Legislation to effect the change will be introduced in two stages:
- Primary legislation: The National Insurance Contributions (Employer Pensions Contributions) Bill is now at House of Commons Committee Stage. Salary sacrifice contributions to registered pension schemes will no longer be NI exempt under the Optional Remuneration Arrangements (OpRA), subject to a defined limit (£2,000 for 2029/30).
- Secondary legislation: This will focus on the design and operation of the £2,000 contribution limit, following stakeholder engagement.
In 2024, it is estimated £32bn of pensions contributions used salary sacrifice pension arrangements, with the value of contributions predominantly from higher and additional rate taxpayers.
As the new rules won’t come into force until April 2029 employers offering salary sacrifice for pension contributions don’t need to make immediate payroll or communication changes.
Action for employers
For those currently using salary sacrifice:
- Review the potential future cost to their business and employees, and plan how to manage it, especially if employer NIC savings are shared with employees.

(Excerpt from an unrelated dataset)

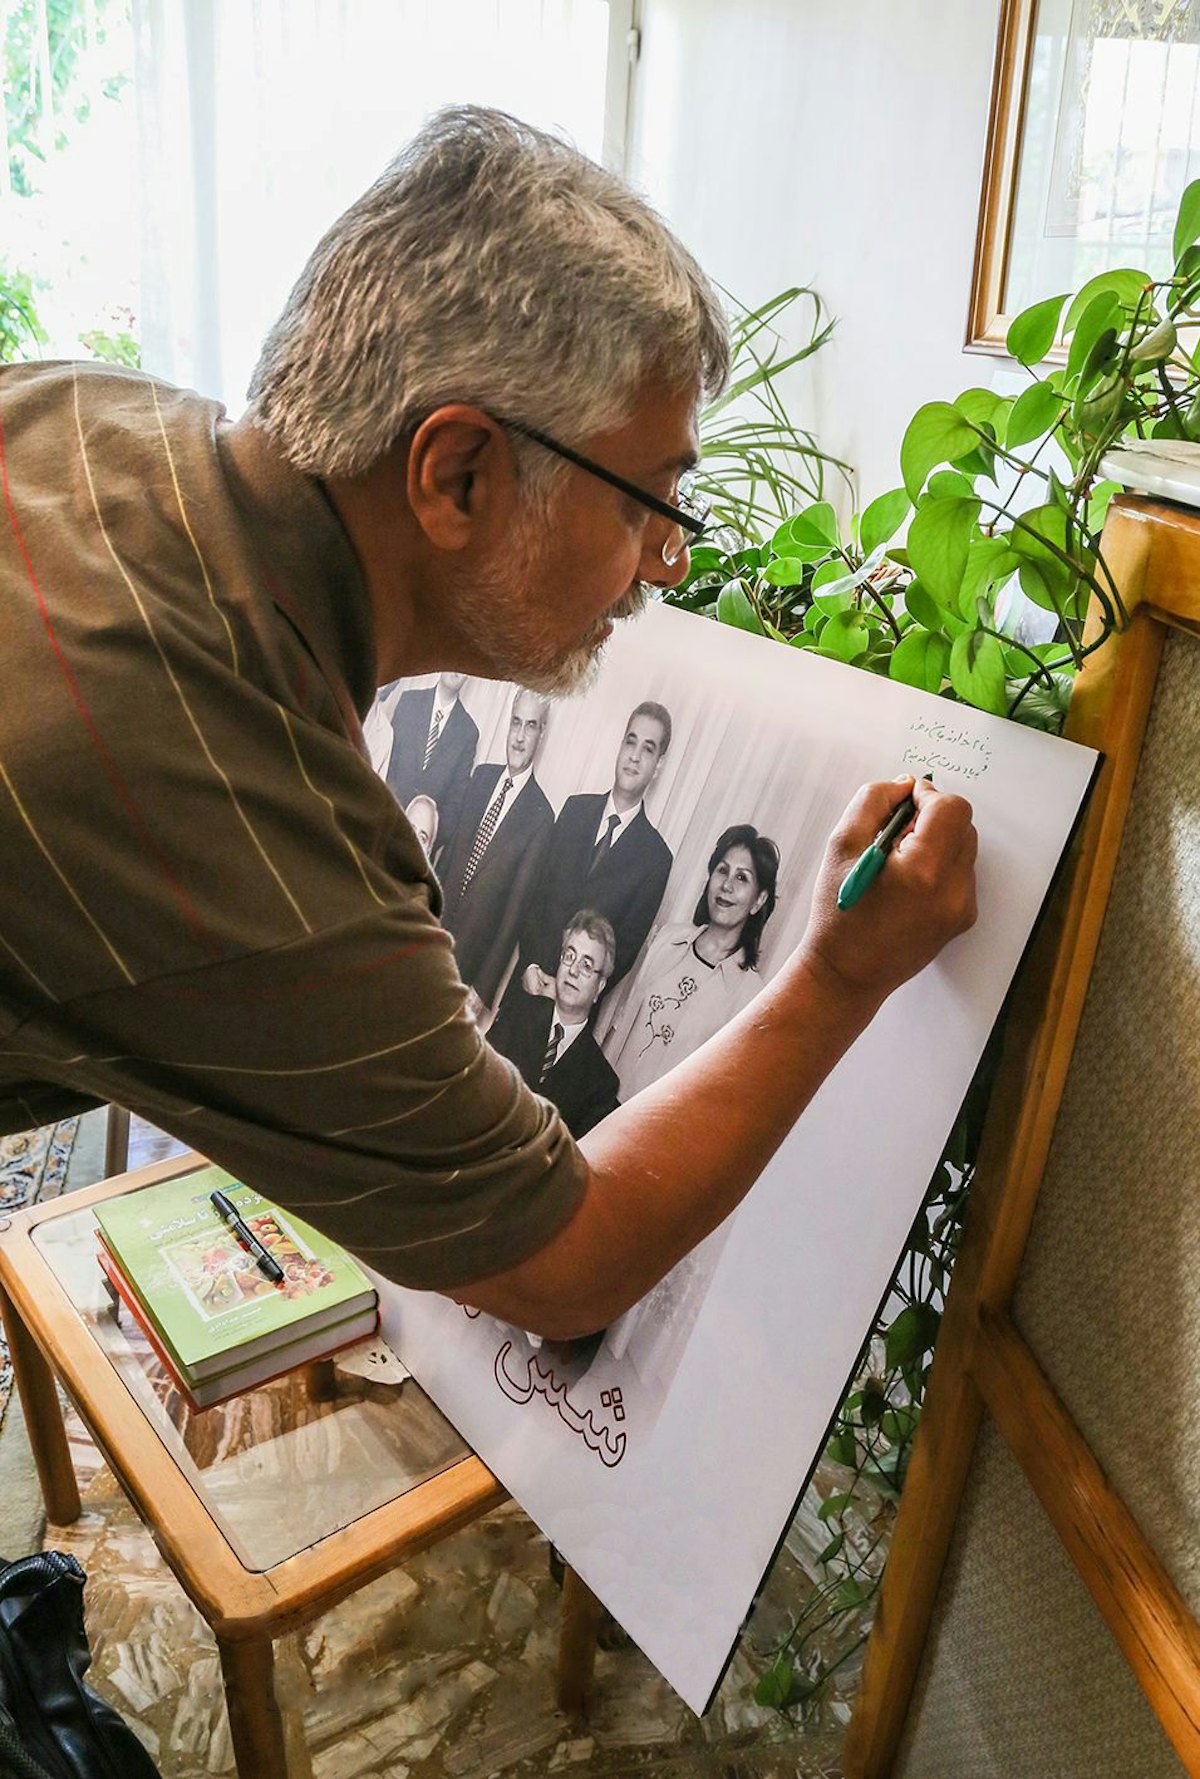 Issa Saharkhiz, a prominent Iranian journalist, signs a photo of the seven former Baha'i leaders in Iran.
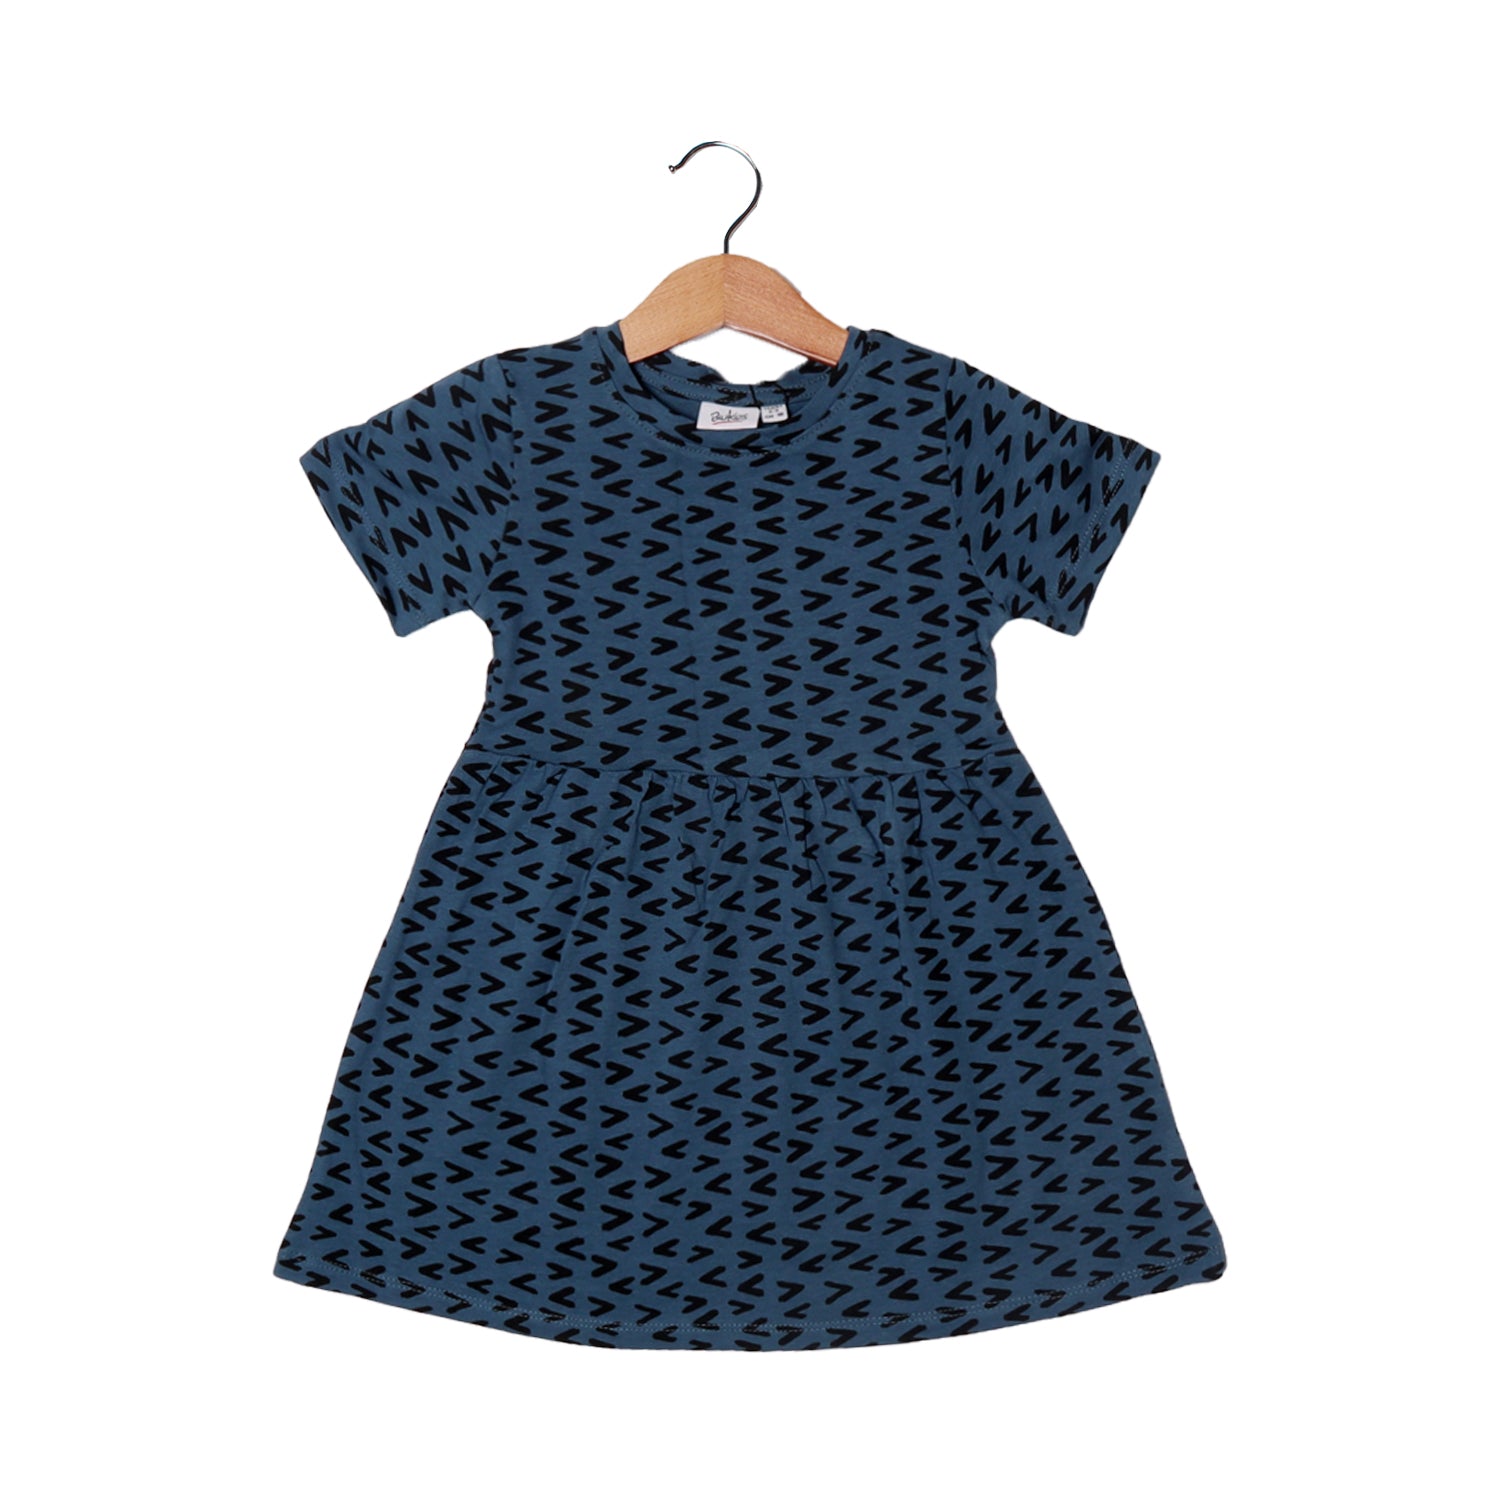 TEAL BLUE PATTERN PRINTED FROCK FOR GIRLS

- Where not already utilised consider introducing bonus exchange, although this will need careful planning and clear employee communication ahead of April 2029.
For those not currently using salary sacrifice:
- Consider introducing salary sacrifice for ongoing employee contributions and bonus exchange, although this will need careful planning and clear employee communication ahead of April 2029.
How we can help
- Contribution modelling to demonstrate the savings that could be achieved through salary/bonus sacrifice
- Communications support on the implementation of a new scheme and the on the forthcoming changes.
Quick updates
- Individuals who are members of a Defined Benefit (DB) scheme may be pleased to hear that a review of the £30,000 cash equivalent transfer value (CETV) limit, imposed on transfers to DC arrangements, is being undertaken. This followed a 2023 review of the regulations and concerns around the cost and availability of financial advice, given the limit was introduced more than ten years ago alongside “pension freedoms”.
Active consultations affecting DC pensions
Trust-based pension schemes: Consultation aimed at trustees focussing on improving standards of pension scheme trusteeship, governance and administration. This consultation has proposals on increasing knowledge and understanding requirements with centrally set standards and accreditation for professionals and measures to improve the diversity of trust boards. The closing date for this consultation is 6 March 2026.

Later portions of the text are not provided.